Such sounds aren’t just annoying. There is increasing evidence that long-term environmental noise above a certain level can have a negative influence on your health. These effects can be physical, mental and possibly even disrupt children’s learning.

Physical reaction

Recent research shows that road traffic and aircraft noise increase the risk of high blood pressure, especially noise exposure at night. A study of aircraft noise around London’s Heathrow airport found that high levels of aircraft noise was associated with increased risks of hospital admission and death for stroke, coronary heart disease, and cardiovascular disease in the nearby area.

Another large study that looked at aircraft noise exposure over a much longer time period of 15 years found that deaths from heart attacks increased when the noise was louder and endured over a longer period of time. The latest estimates suggest a ten decibel average increase in aircraft noise exposure was related to an increase in high blood pressure, heart attacks and strokes of between 7% and 17%.

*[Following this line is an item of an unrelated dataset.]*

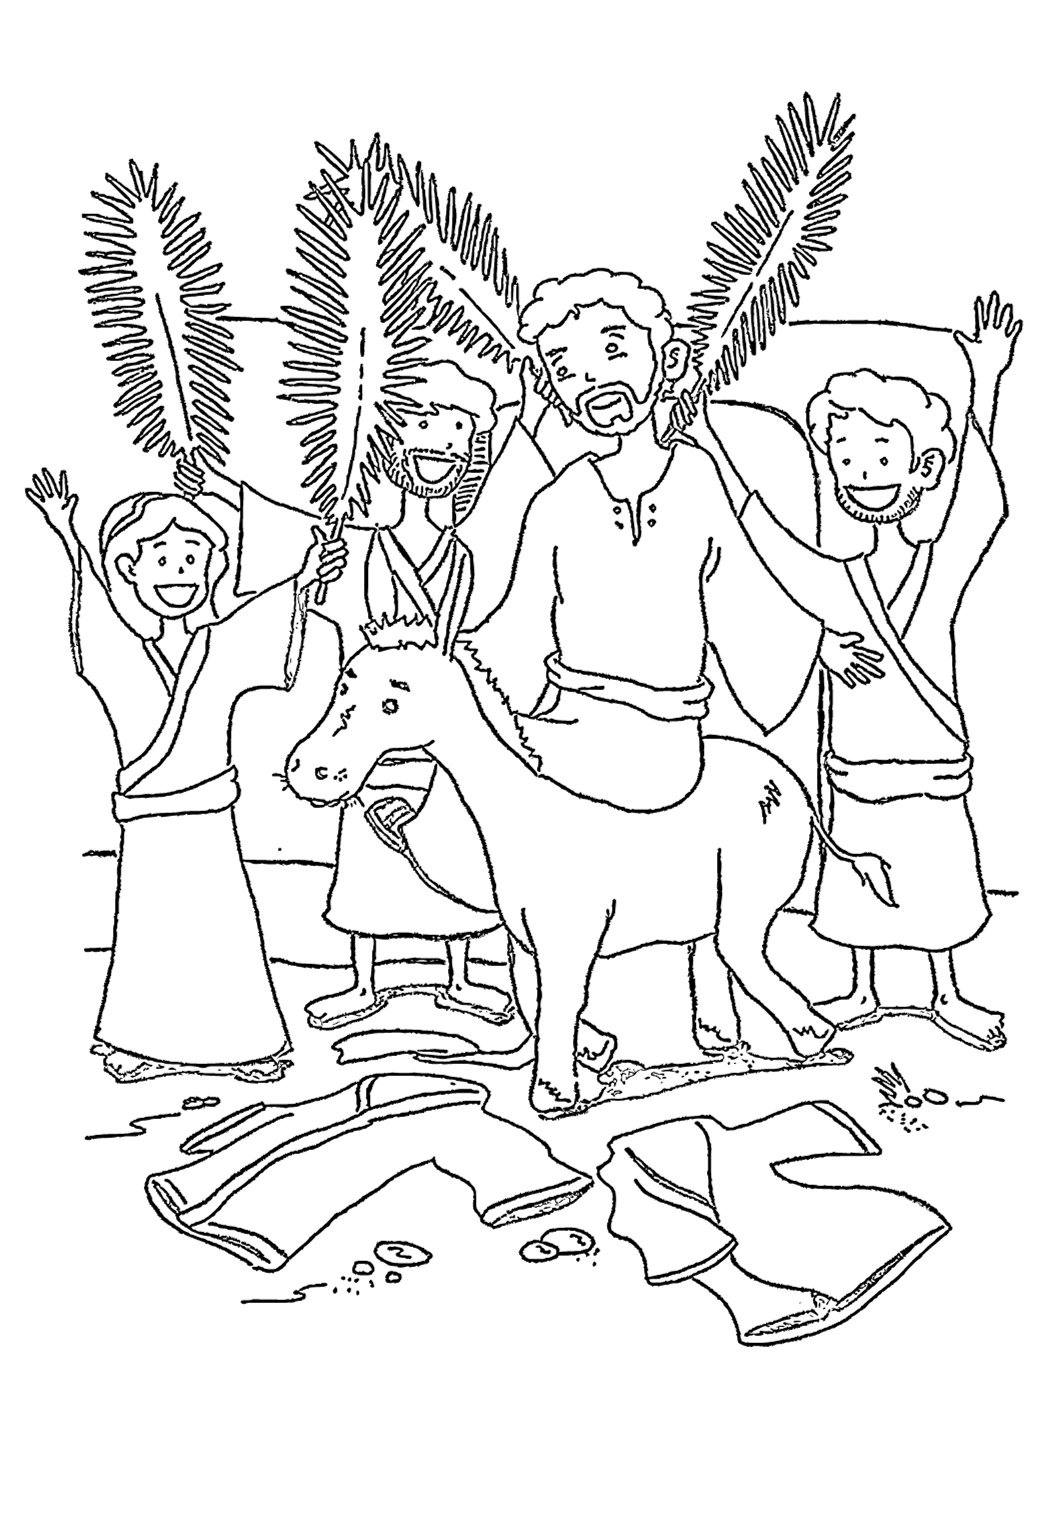 Free printable palm sunday cloth coloring page for adults and kids

Your emotional response to noise pollution can also be significant, so much so that it has a specific name: noise annoyance. This describes the negative feelings noise can create such as disturbance, irritation, dissatisfaction and nuisance, as well as a feeling of having one’s privacy invaded. Annoyance can vary widely between different people, however

As well as the type and volume of the sound, other factors include how much it interferes with your activities, the fear you feel associated with the source of the noise, your coping mechanisms and even your belief about whether the noise is preventable. For example, you’re likely to feel more annoyance to aircraft flying overhead if you feel the airport is taking no measures to regulate the noise. However, the impact of annoyance on long-term health isn’t clear and the evidence actually suggests mental ill-health may increase the risk of annoyance rather than the other way round.

The health effects of quieter, background noises and “hums” such as the one heard in Bristol are also less clear, although they can certainly cause discomfort and annoyance. Similarly, a recent review of very-high frequency ultrasound (which cannot be consciously heard) concluded that the general population is much more exposed to ultrasound than in the past. It recommended that reports of symptoms such as nausea, headaches and dizziness that some people have linked to ultrasound should be further investigated.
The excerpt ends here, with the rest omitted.